Михаил Аркадьевич невольно отметил одну странность: отчего обер-полицмейстер так давит именно на карты? Отчего пылает такой ненавистью только к картам? Вопрос интересный. Ответы на него Эфенбах оставил на потом.
– Надеюсь на вас, господа офицеры и штатские, что отправитесь к себе в участки и, не откладывая, возьметесь чистить Москву от карт, – уже с меньшим жаром вещал Власовский, видимо, выдыхаясь. – Никого не жалейте, никого не выгораживайте, а хватайте и давите карточную нечисть везде, где сможете. Моя вам в том полная поддержка. Жду, господа, от вас докладов с результатами.
Величественным жестом обер-полицмейстер отпустил на вольный воздух и борьбу с картами. Приставы расходились вдохновленными, так сказать. Что же до Эфенбаха, то начальник сыска вдохновился так, что голова его раскалывалась. Как видно, от желания изгнать карты из Москвы. Но для начала он мечтал повстречать кое-кого в сыске…
6Глинкин так спешил, что, не выбирая дороги, добежал до Столового переулка минут за пять. Арбатский полицейский дом, в котором размещался 1-й участок Арбатской части, имел в своем хозяйстве пожарную каланчу, пожарный гараж с водокачкой, двухэтажный флигель с приемной частью и кабинетом пристава, большую камеру для задержанных и одиночную, дровяной сарай, казарму для городовых, медицинскую, мертвецкую (для тех, кому медицина окончательно помогла) и часовенку. В общем, все, чтобы содержать вверенную часть города в порядке. А не в беспорядке, так сказать.
В приемной части находился помощник пристава подпоручик Трашантый, Никодим Михеевич. Занят он был тем, что с хрустом и брызгами колол сахар. Запыхавшегося почтальона встретил умиротворенным взглядом.
– Что, Павлуша, прибежал, будто почта сгорела? – сказал и сам засмеялся шутке.
– Почта, слава богу, цела, а в доме на Большой Молчановке не открывают.
Кусок сахара разлетелся на обломки. Трашантый смел их в ладонь и отправил в стакан с жидковатым чаем.
– Тоже мне, печаль.
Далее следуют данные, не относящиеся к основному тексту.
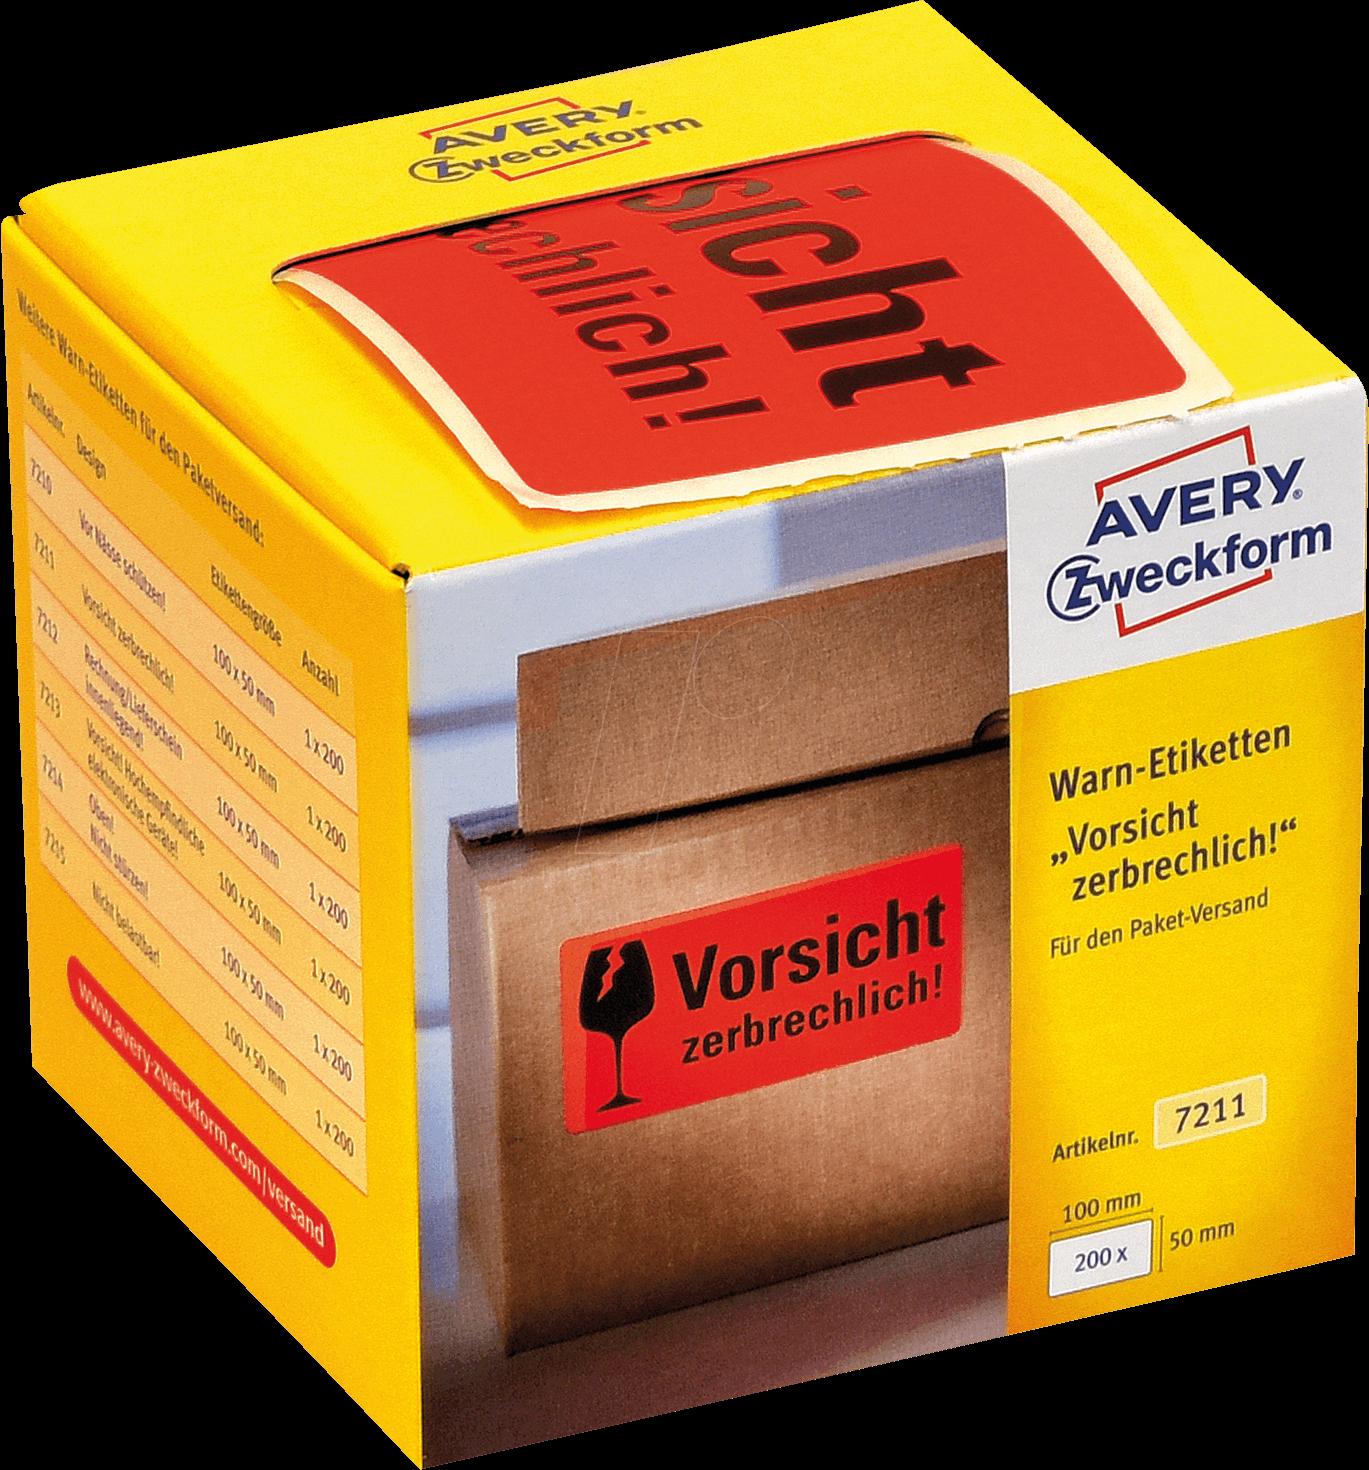 https://cdn-reichelt.de/bilder/web/xxl_ws/E460/AVZ_7211_01.png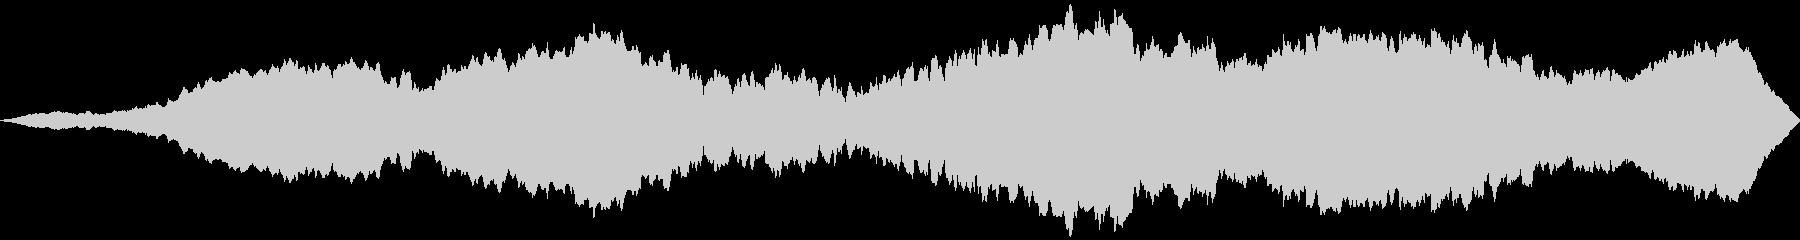 シンセストリングドローン:ロングス...の未再生の波形

Чего всполошился?
– Так ведь дома должна быть…
– Должна! – передразнил он почтальона. – Уехали на Святки к родственникам.
– Не может она уехать, некуда ей, дома должна быть, письма вот ей присланы. – И Глинкин хлопнул по сумке.
Трашантый, уютно отхлебнув чайку, сожмурил глаз:
– Да ты откуда знаешь?
Тут почтальон сообразил, что в спешке забыл сказать главное.
– Анна Васильевна лет пять никуда не ездит, – сказал он. – Сами знаете.
Стакан завис в воздухе и вернулся на стол.
– Анна Васильевна? – переспросил Трашантый.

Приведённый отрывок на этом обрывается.